### WORK ORDER
Once you find the line with "Albania cambios de" in the listing below, please repeat it and every later line exactly, through the last one, without pictures.
SOURCE MATERIAL section start
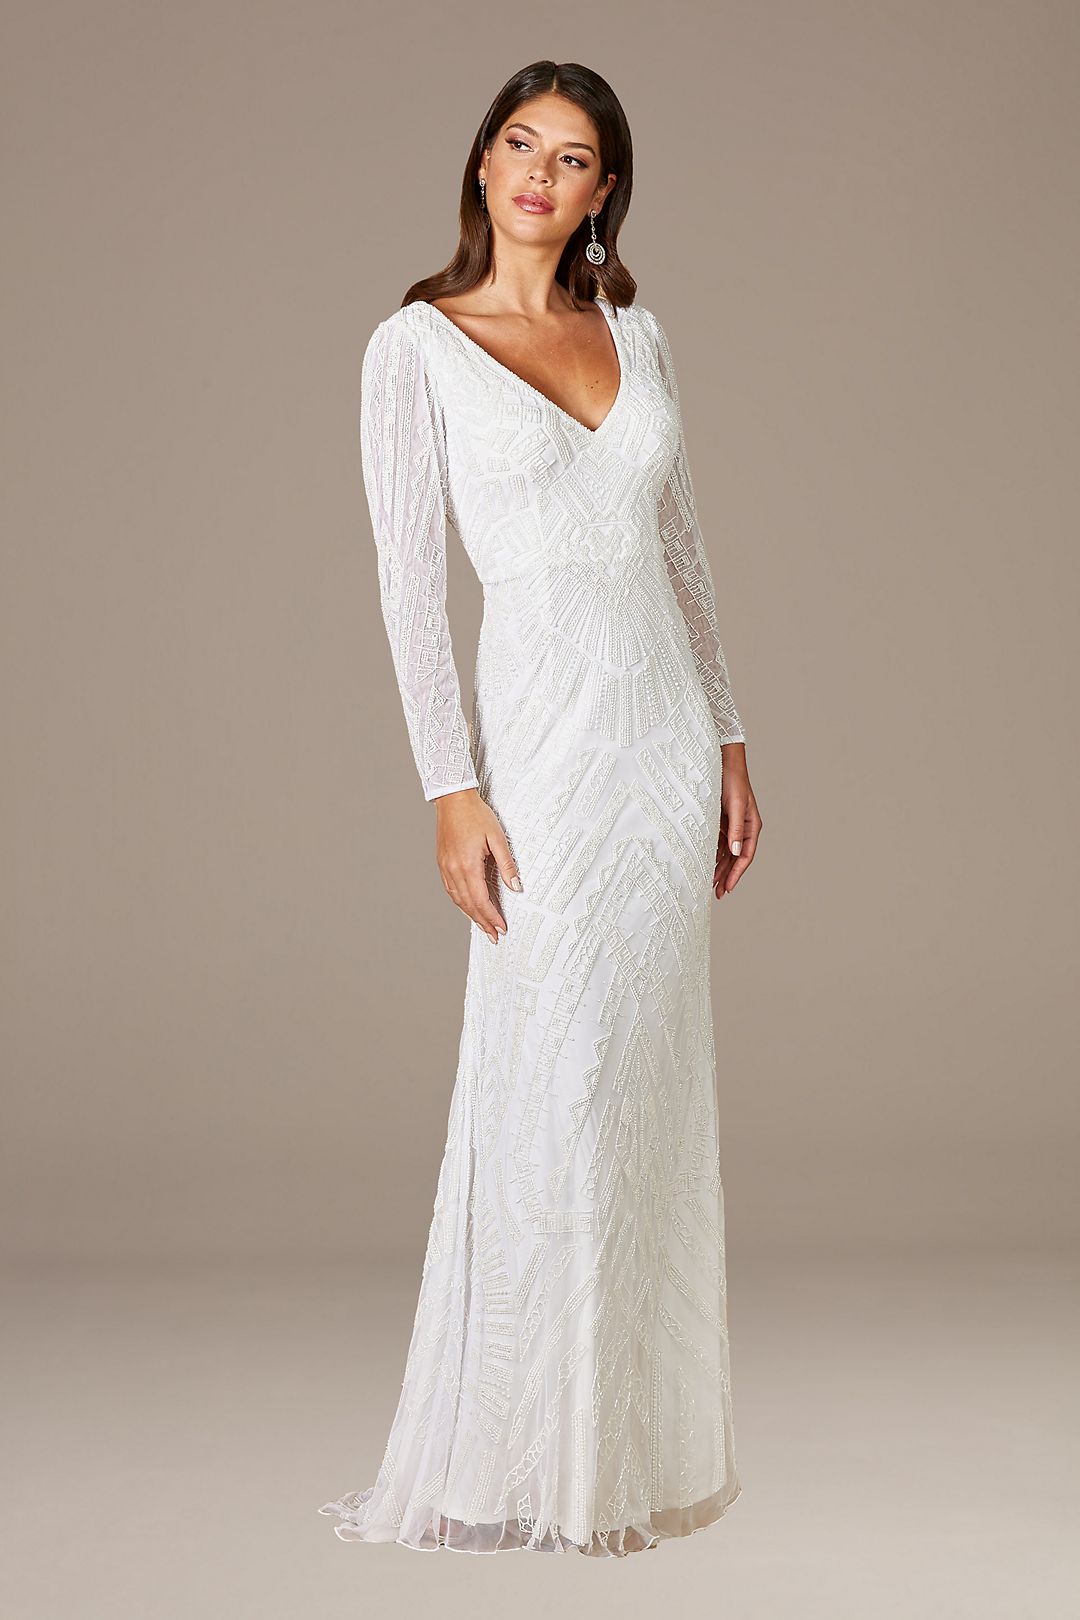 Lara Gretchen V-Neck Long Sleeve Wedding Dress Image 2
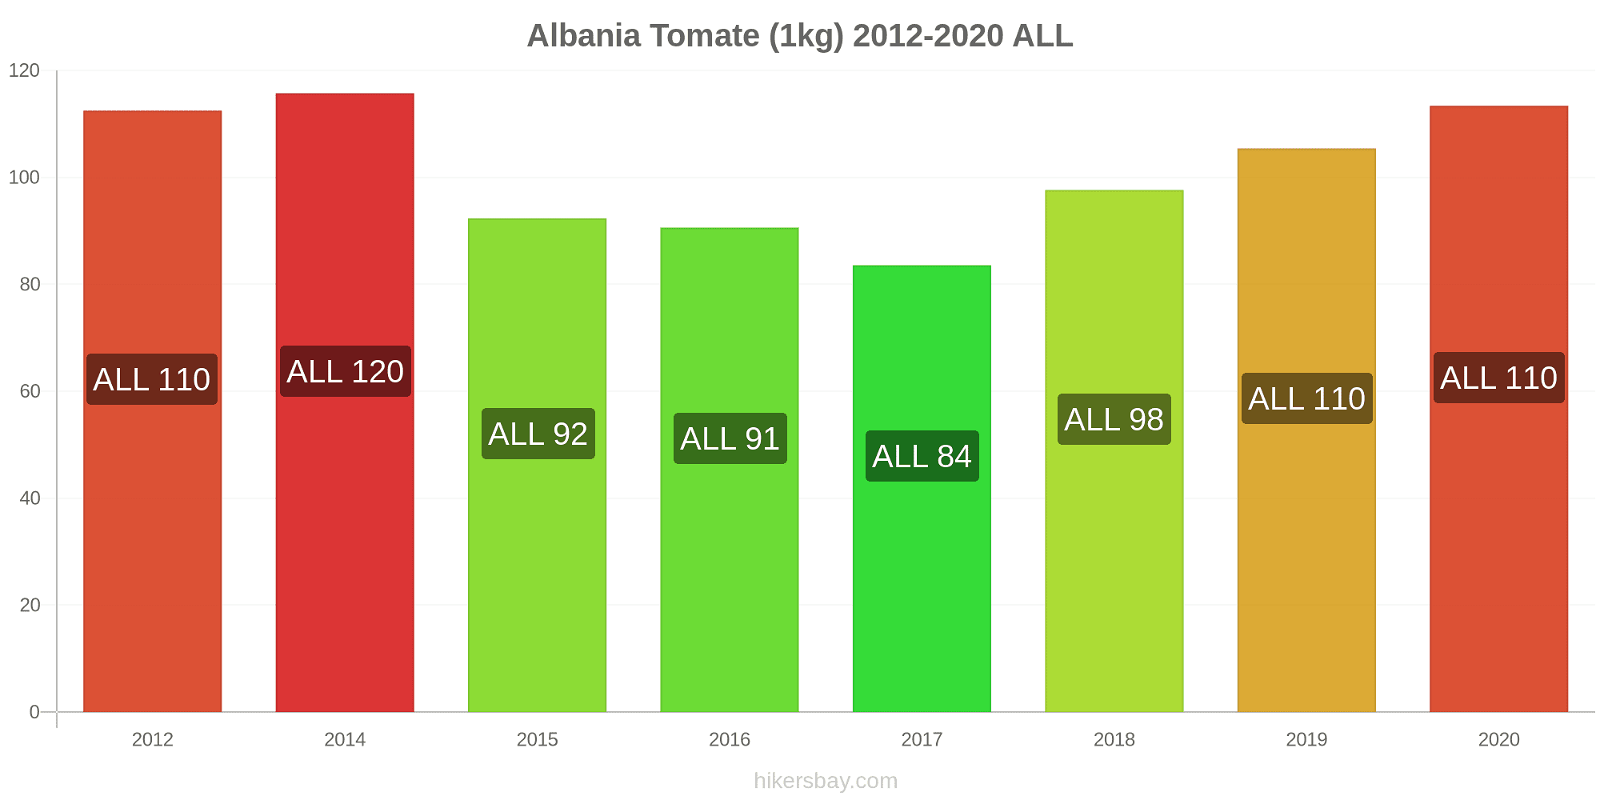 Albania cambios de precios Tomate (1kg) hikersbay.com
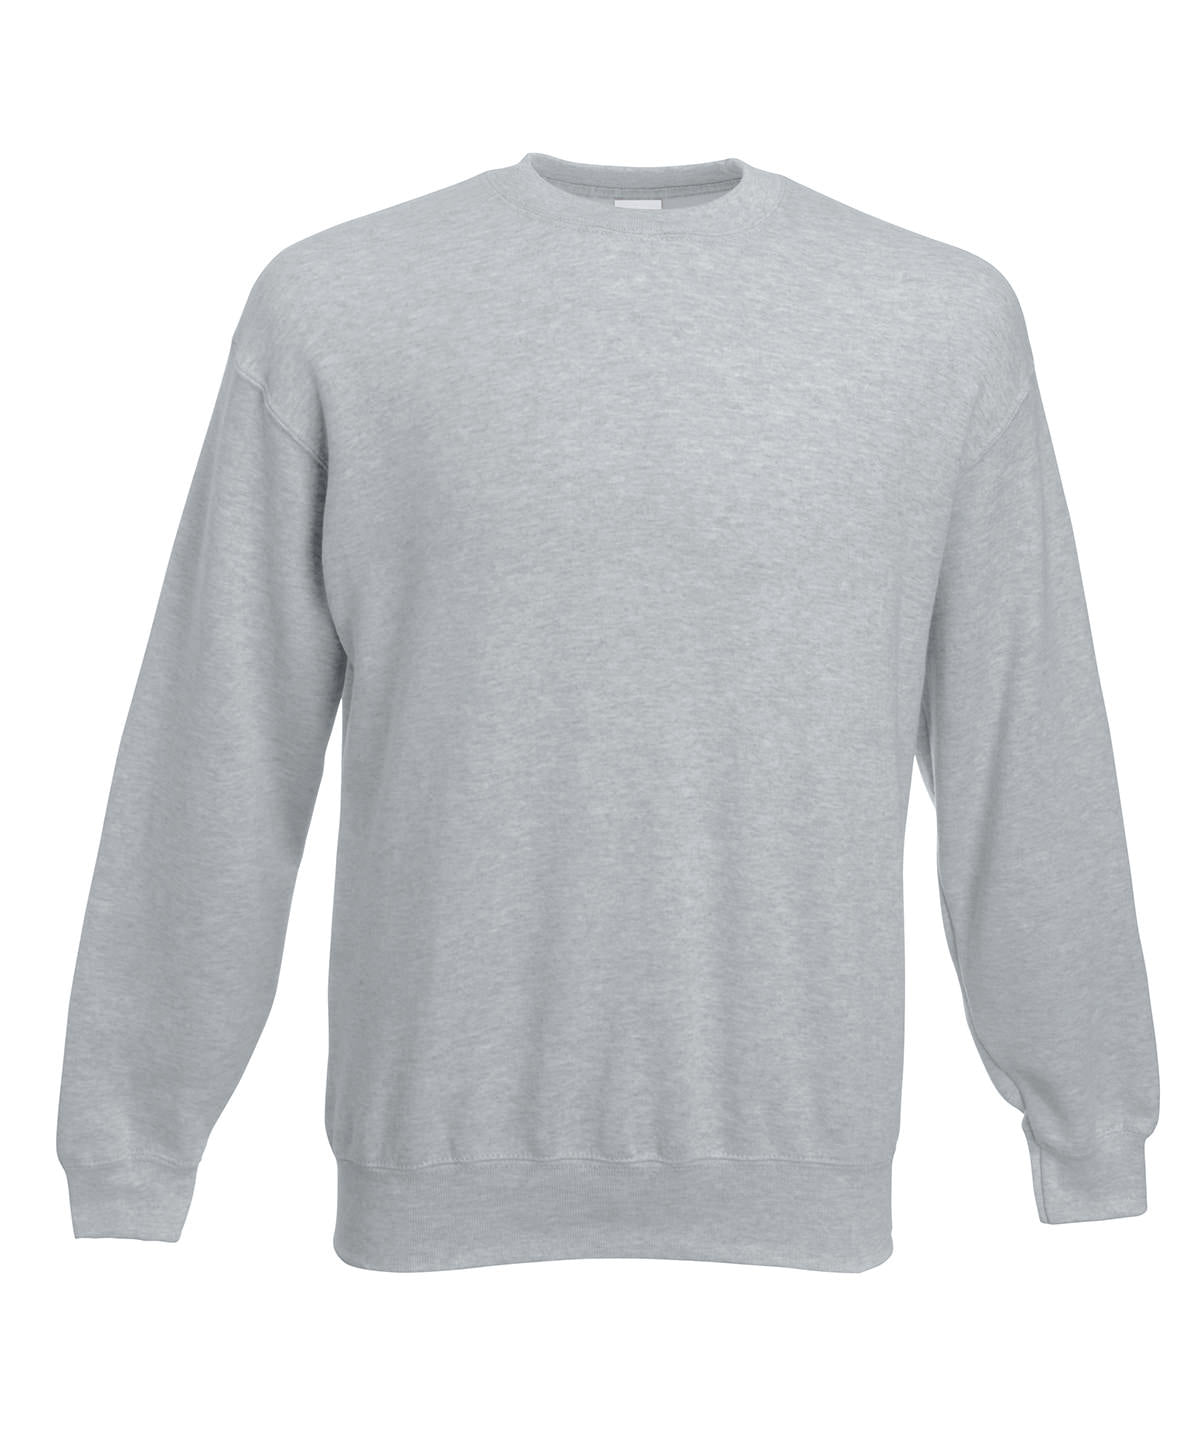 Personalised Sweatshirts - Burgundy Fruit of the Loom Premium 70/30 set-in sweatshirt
SOURCE MATERIAL section end
### RESULT FOR THIS EXERCISE
 Albania cambios de precios Tomate (1kg) hikersbay.com
 Personalised Sweatshirts - Burgundy Fruit of the Loom Premium 70/30 set-in sweatshirt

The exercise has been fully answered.